Mitch dragged in a breath, seeing his life’s dream besides flying planes crumbling before his eyes. To him Lissa always had, always would, represent everything good and right and decent in the world. All that was beautiful and precious in his eyes lived and breathed here in Breckerville, on a sleepy verdant farm and in a pair of gentle gray eyes, a mouth made to love his body and a heart that had never known what boundaries were.
Except in this, obviously.
God, oh, God, he’d lost her. She didn’t love him. Didn’t want him. Not even to keep his kids—kids she obviously did love. “Won’t you even think about it?”
“I don’t want to think about it. I don’t want a ‘perfect solution’ to a problem I didn’t know I had!” Spitting the words out like epithets, she swiveled around to face him, her face filled with burning wrath. “You’ve been gone over twelve years, and in all that time, I never get a thing. No word, no call, no letter. I didn’t know if you were alive or dead until you needed my help with Matt and Luke. Now you waltz home after almost half a lifetime away and tell me you want to get married, just like that.” She snapped her fingers, her eyes flashing. “I’m not a dog you can call to heel, Mitch McCluskey.”
He bit the inside of his mouth. Somewhere along the line, his gentle Lissa had grown feisty. She’d squared up to him like Mike Tyson in a prematch slanging bout.

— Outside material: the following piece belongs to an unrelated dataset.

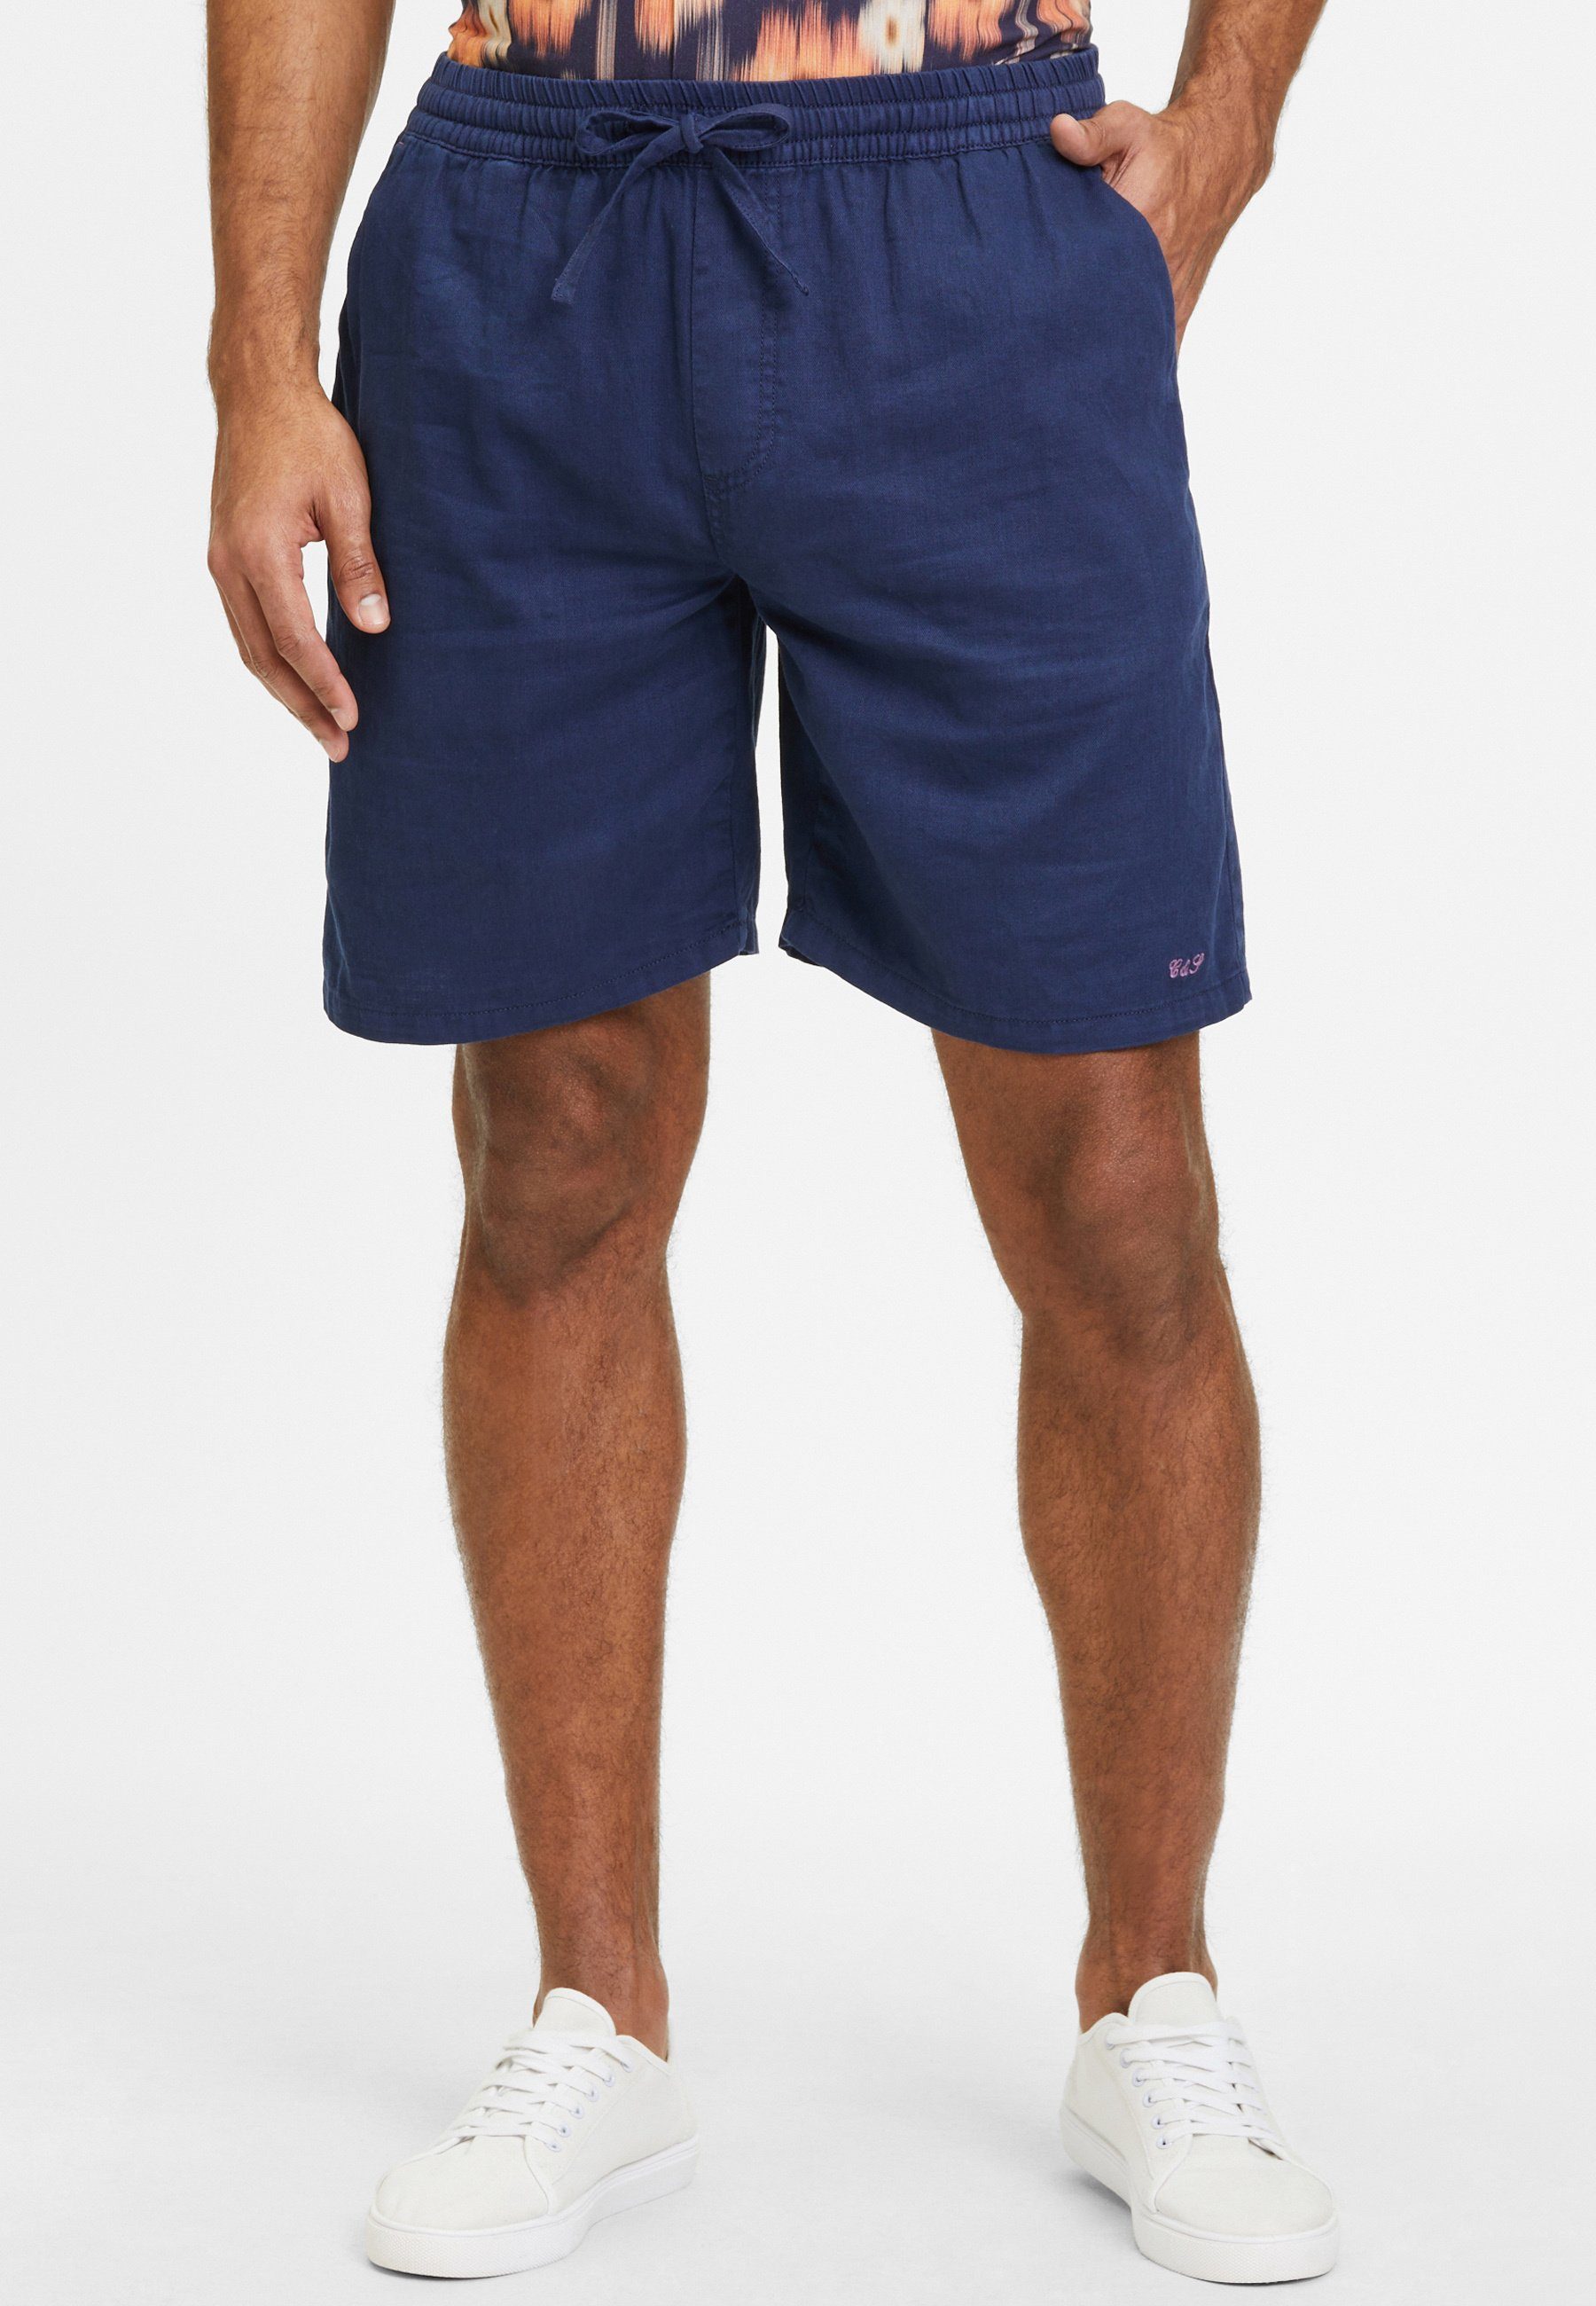 & Shorts sons Leinen-mischung colours Shorts

What the hell had he said to make her quiver with fury like that? “I’m sorry.” He stumbled over the long-unused word, jerking a hand through his hair, and cursed when it caught in his tangled curls. “I hated leaving you. I’ve missed you like crazy the whole time I’ve been gone. Not a day’s passed when I didn’t think about you, want to see you, call or write—but Tim made his feelings pretty final.”
“But I didn’t,” she snarled, startling him with the vivid passion in her face. “You just left me—left us both behind. You knew how much Tim cared about you. Surely you knew he’d regret what he’d done when he was sober? And he did, Mitch—but we both thought you’d come back. And how do you think I felt, waiting day after day for a call or letter to know you were safe? I had to call the Air Force a year later to make sure you were alive!” She whirled on him again, a delicate china tigress, even her sheathed and painted claws ripping his heart to shreds. “I loved you, damn it. You knew I’d worry myself sick about you, and you never once bothered to let me know you were alive and all right!”
“I knew. You and Tim were the only two people on God’s earth I was sure cared about me.”